Task details
From the first line of the data down to the line bearing "Classic French Dining", output every line exactly and include no pictures.

Information shown START

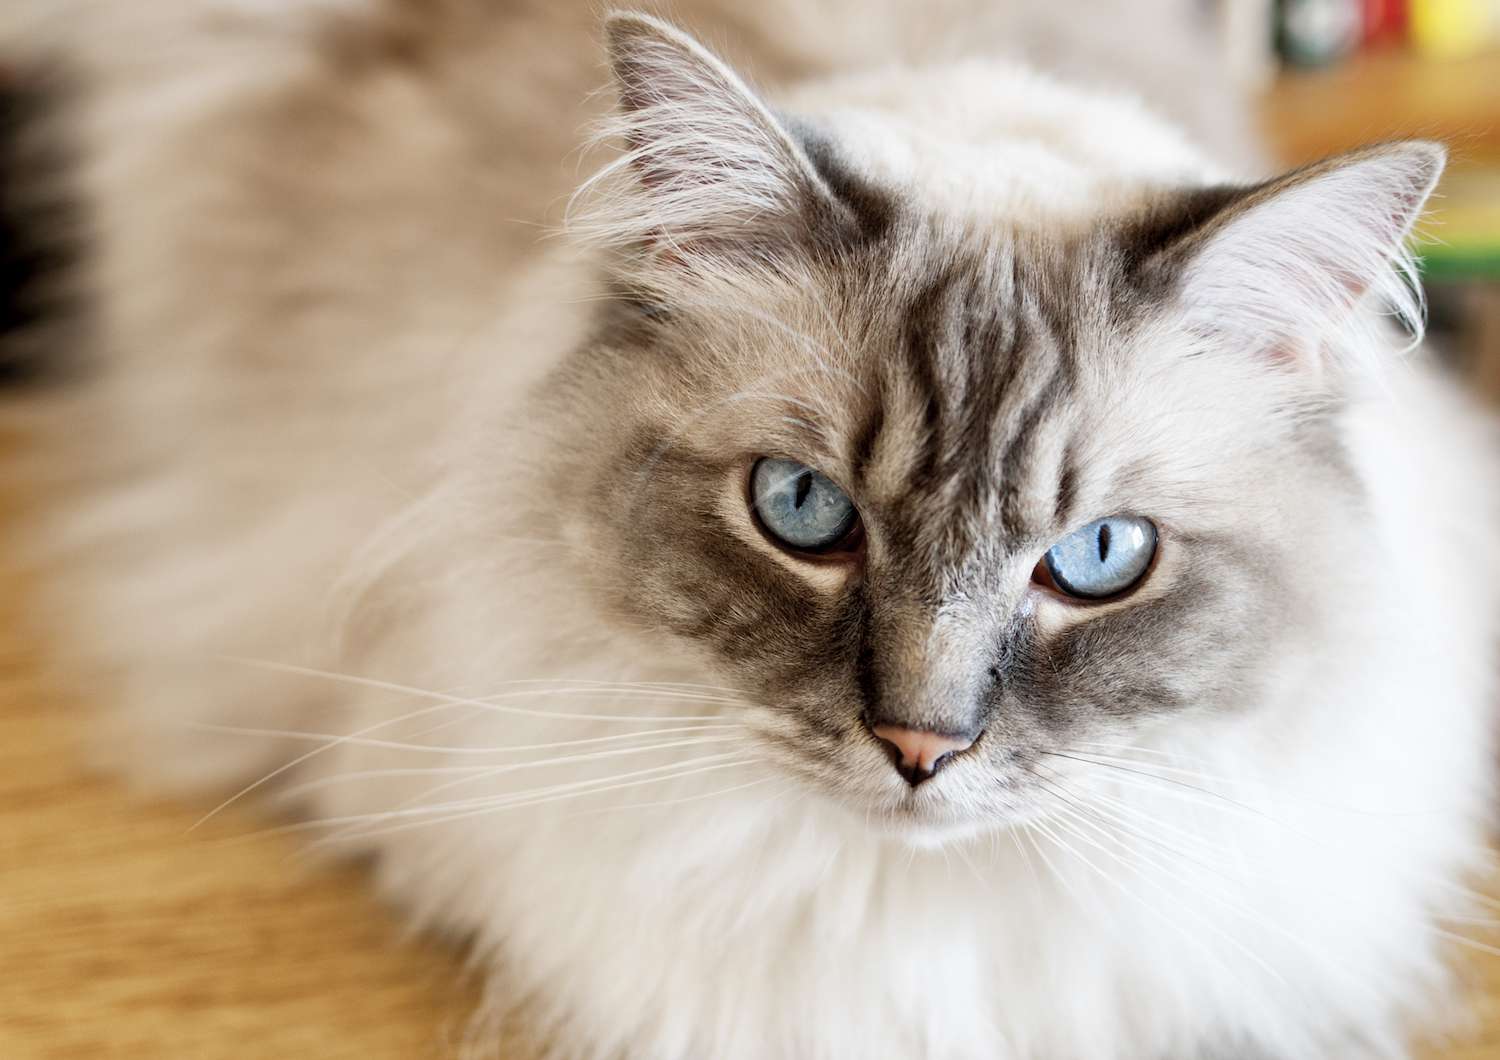 ragdoll cat looking up with bright blue eyes
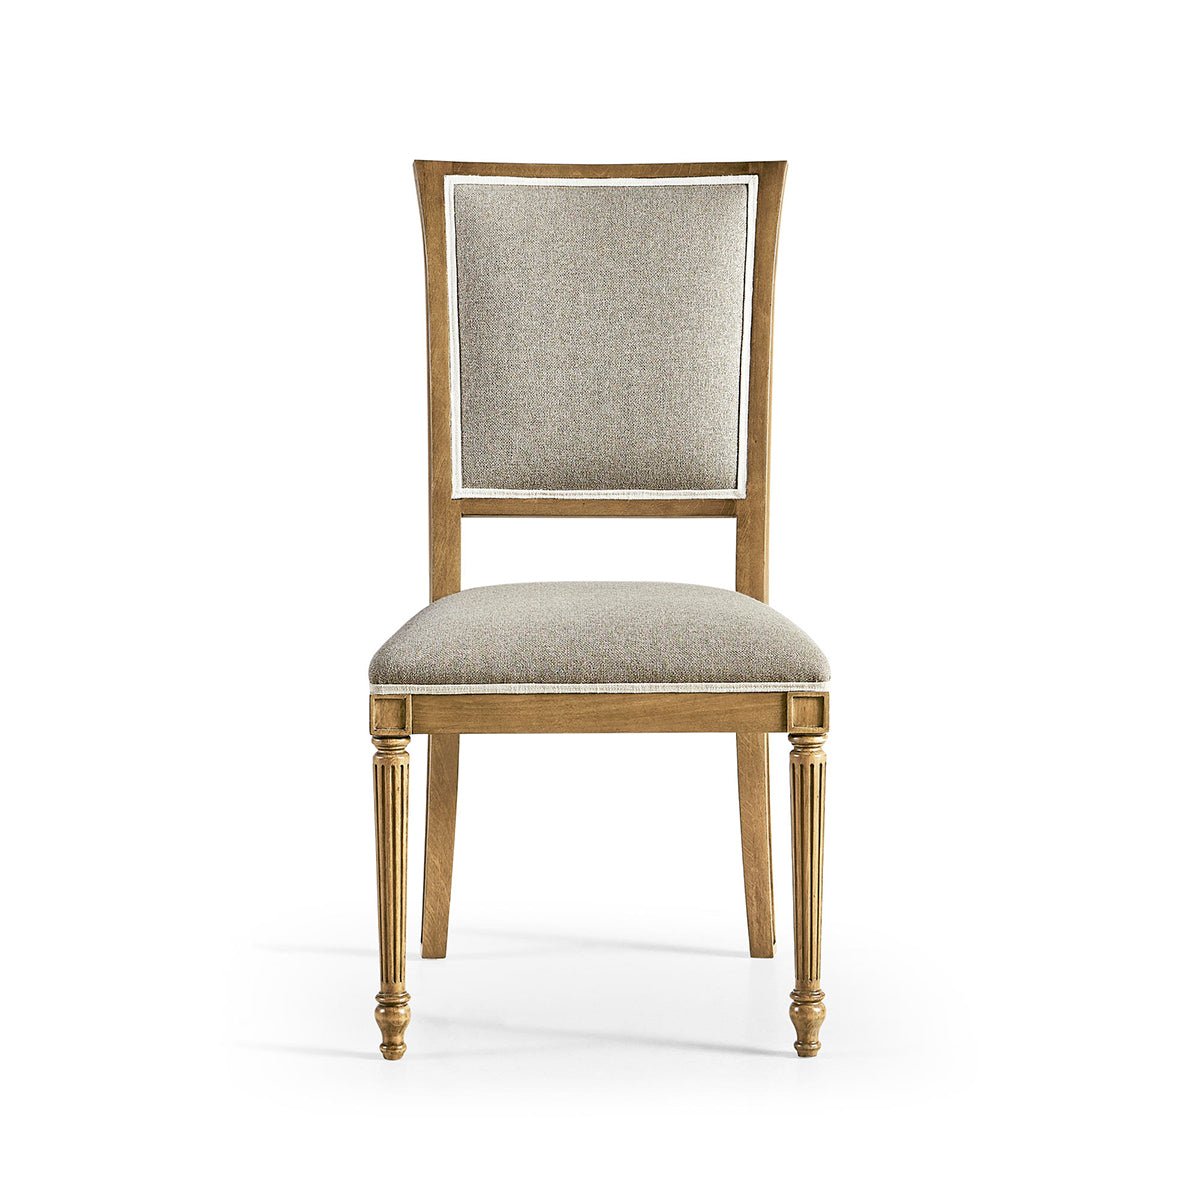 Classic French Dining Chair in Cherry Finish - English Georgian America
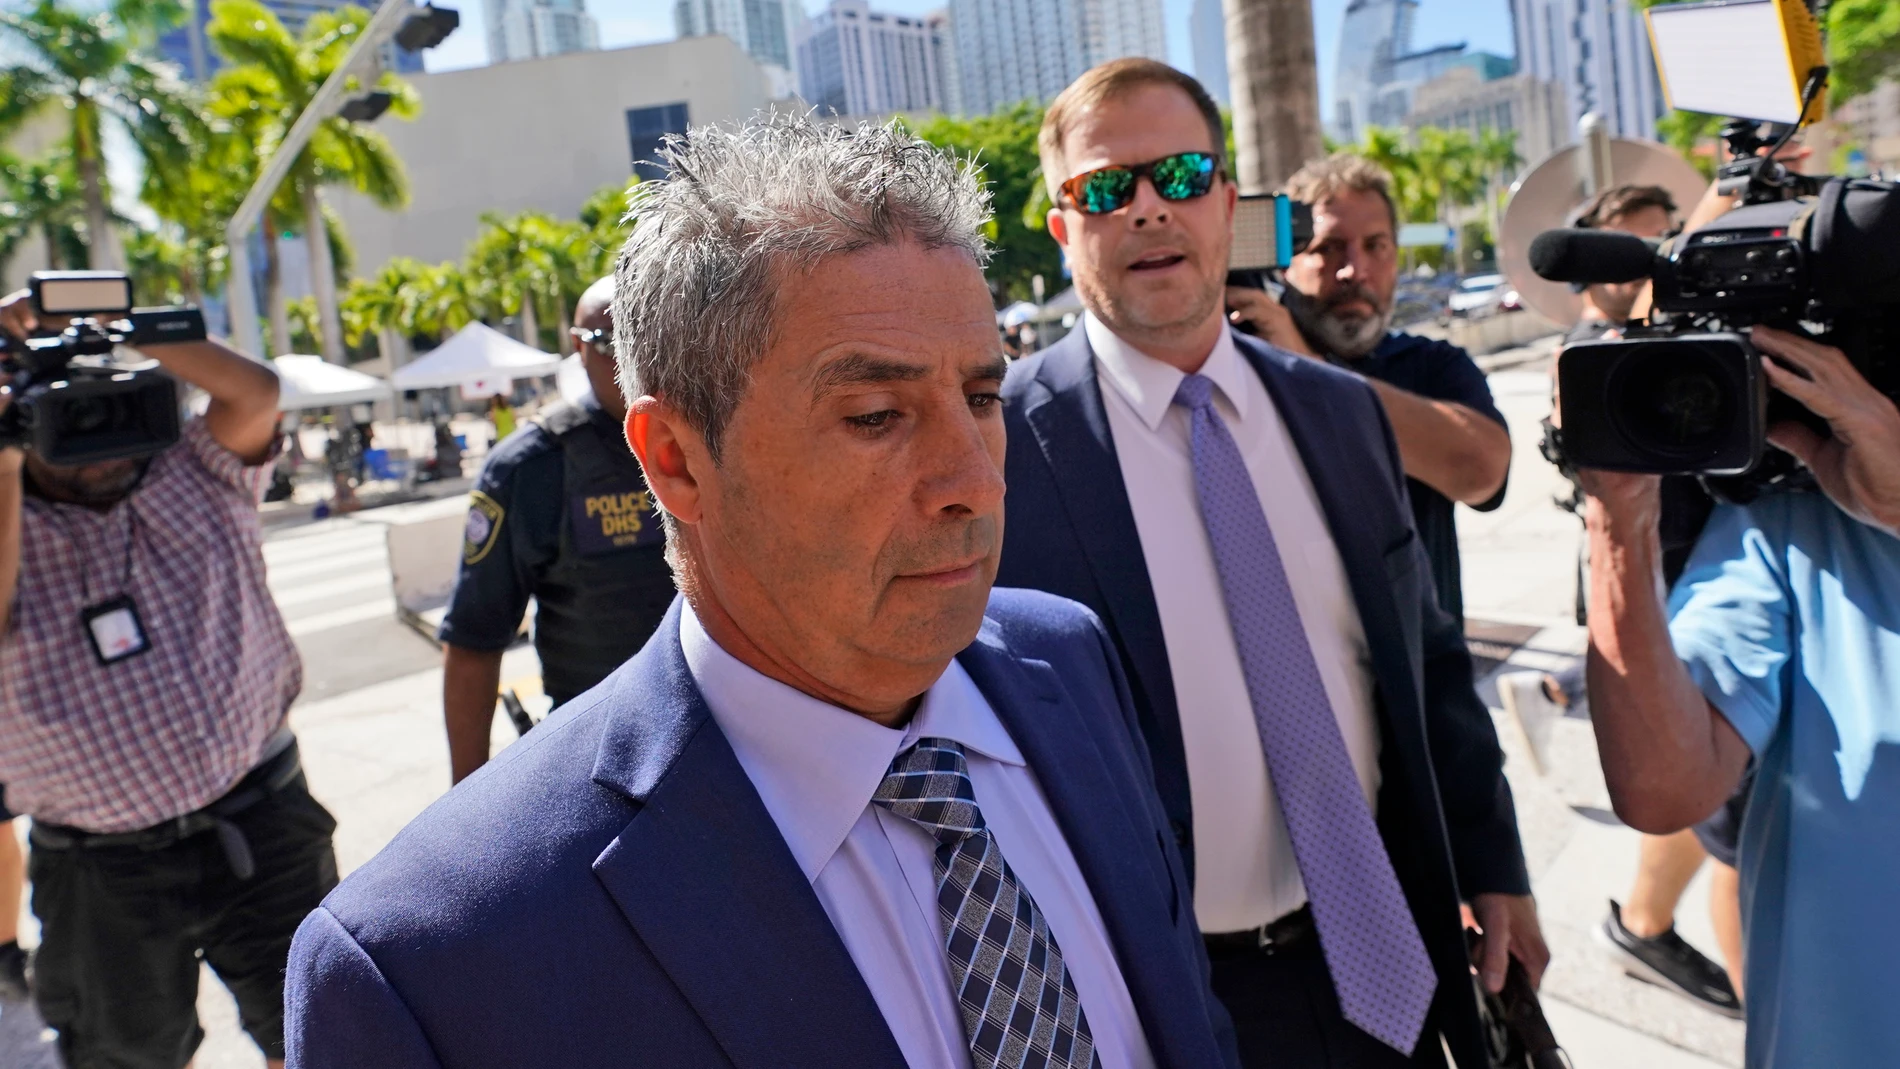 Carlos De Oliveira, center, an employee of Donald Trump's Mar-a-Lago estate, arrives for a court appearance with attorney John Irving, at the James Lawrence King Federal Justice Building, Monday, July 31, 2023, in Miami. De Oliveira, Mar-a-Lago's property manager, was added last week to the indictment with Trump and the former president's valet, Walt Nauta, in the federal case alleging a plot to illegally keep top-secret records at Trump's Florida estate and thwart government efforts to retri...
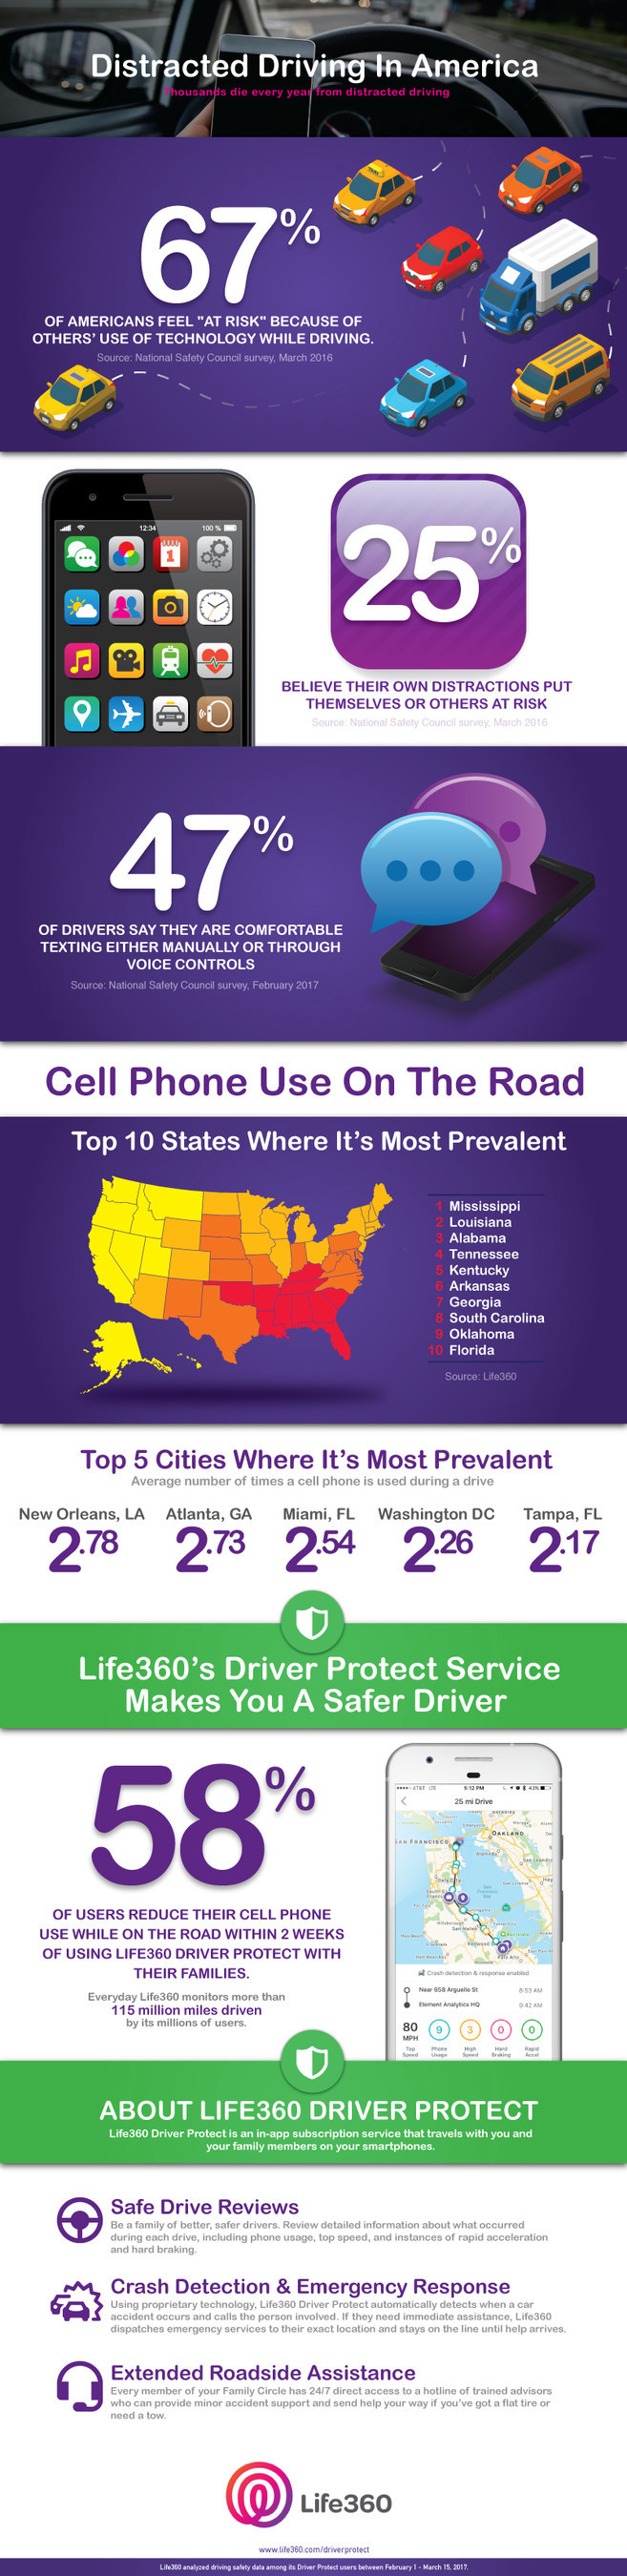 Distracted Driving in America. Infographic by Life360.

Information shown END

Response area
 ragdoll cat looking up with bright blue eyes
 Classic French Dining Chair in Cherry Finish - English Georgian America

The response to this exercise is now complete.